Весь первый год она рвалась как птица в силках. Сто раз решала рассказать все мужу, попросить развода. Потом передумывала. Дети? Забрать с собой? Оставить? Поделить? Им не нужен второй отец, у них все хорошо с первым. Особенно старший мальчик – они с отцом обожают друг друга, тот называет его Наследник…

Он ждал, не торопил ее ни словом, ни жестом. Через год она решила: нужно вырастить детей, это и долг, и ее желание. Когда старшему исполнится восемнадцать, она поблагодарит мужа за все и уйдет. Младшие будут решать сами: им предложат все варианты, и в том возрасте они уже смогут самостоятельно навещать отца, мать, бабушку – кого захотят – в любом сочетании.

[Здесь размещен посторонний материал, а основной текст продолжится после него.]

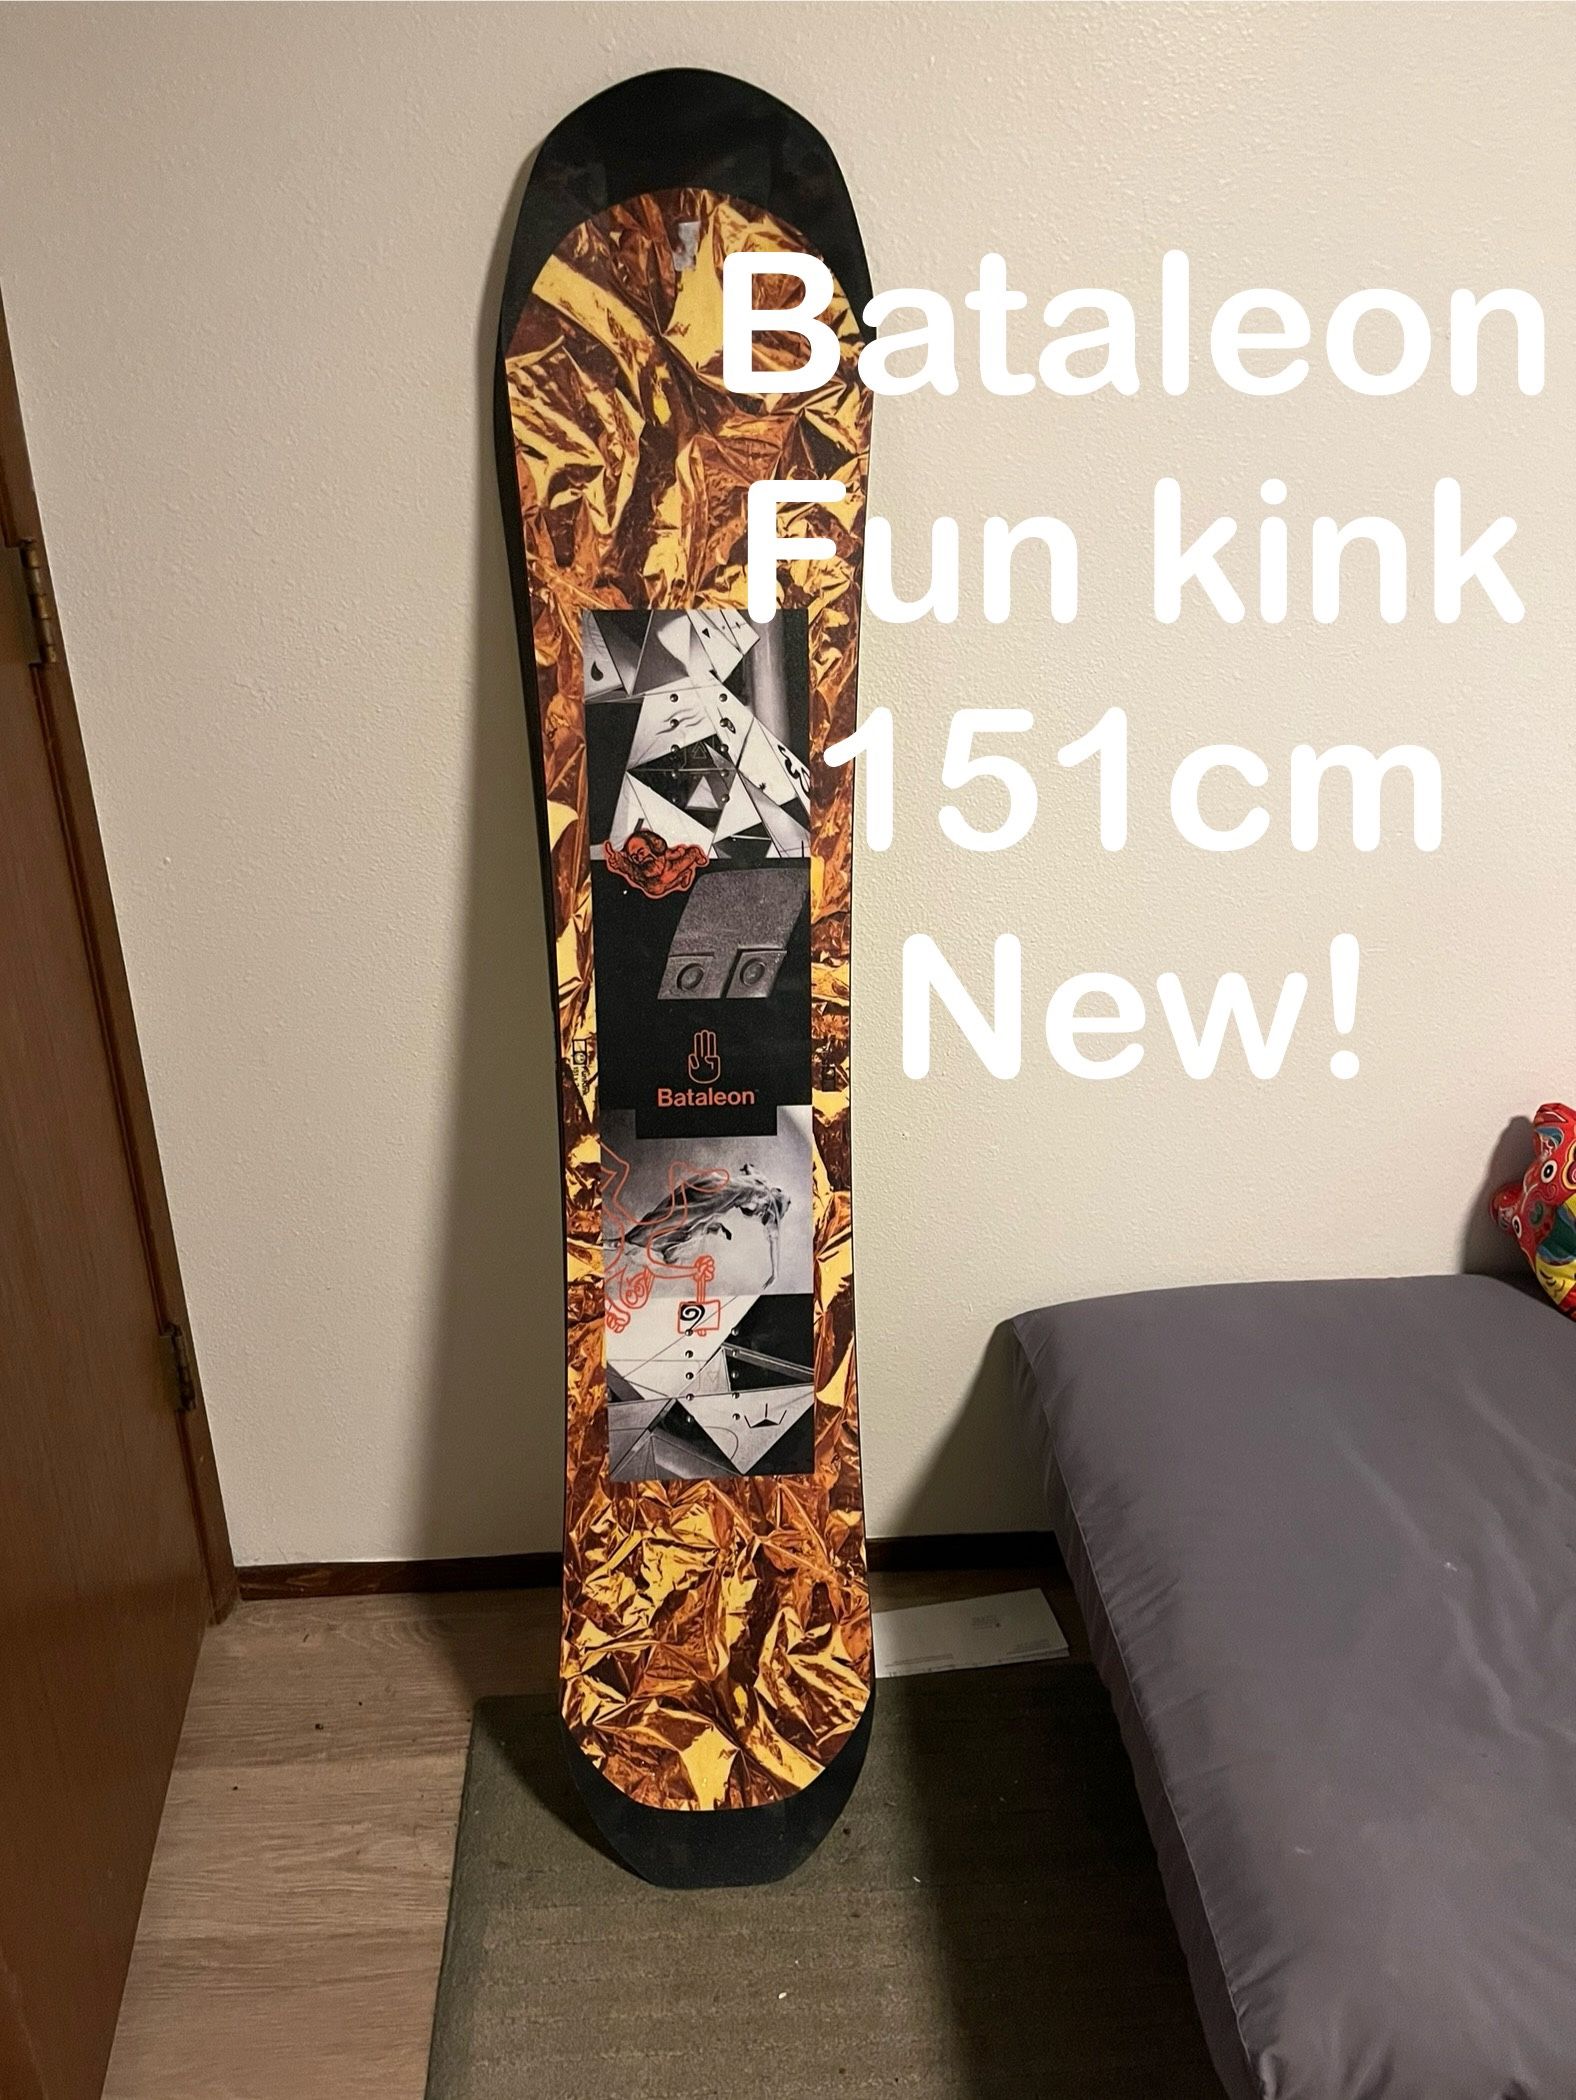 Bataleon Fun kink 151

Он выслушал ее, поцеловал, кивнул головой: «Будет так, как ты хочешь».

Попросил об уступке: я буду отвозить тебя на работу, видеть каждый день, это возможно?

Она согласилась. Она знала о его проблемах с сердцем, но они оба думали, что у них есть еще время.

– Почему я никогда не встречала вас после его смерти? Вы переехали?

– Нет. Просто на метро быстрее добираться. Я стала выходить из дома на полчаса позже.

Самое странное, что у нее все время были спокойные, ровные и позитивные отношения с мужем. За последние два года они стали, пожалуй, даже еще лучше. Он в ее сознании – пострадавшая сторона, она ему сочувствует и, разуеется, ни в чем не обвиняет. Она внимательно и терпеливо ухаживает за слегшей свекровью: она мне так помогала с детьми, теперь, конечно, и я должна… Обвинять в случившемся некого (или уж себя саму) – это она умом понимает сто раз, но эмоционально крайними почему-то оказались дети. Особенно старшие – мальчик и девочка, которым сейчас семнадцать и четырнадцать.

– Я сломала жизнь себе и любимому человеку, чтобы сохранить для своих детей стабильность мира, остаться хорошей матерью. И в результате я получаюсь не мать, а ехидна…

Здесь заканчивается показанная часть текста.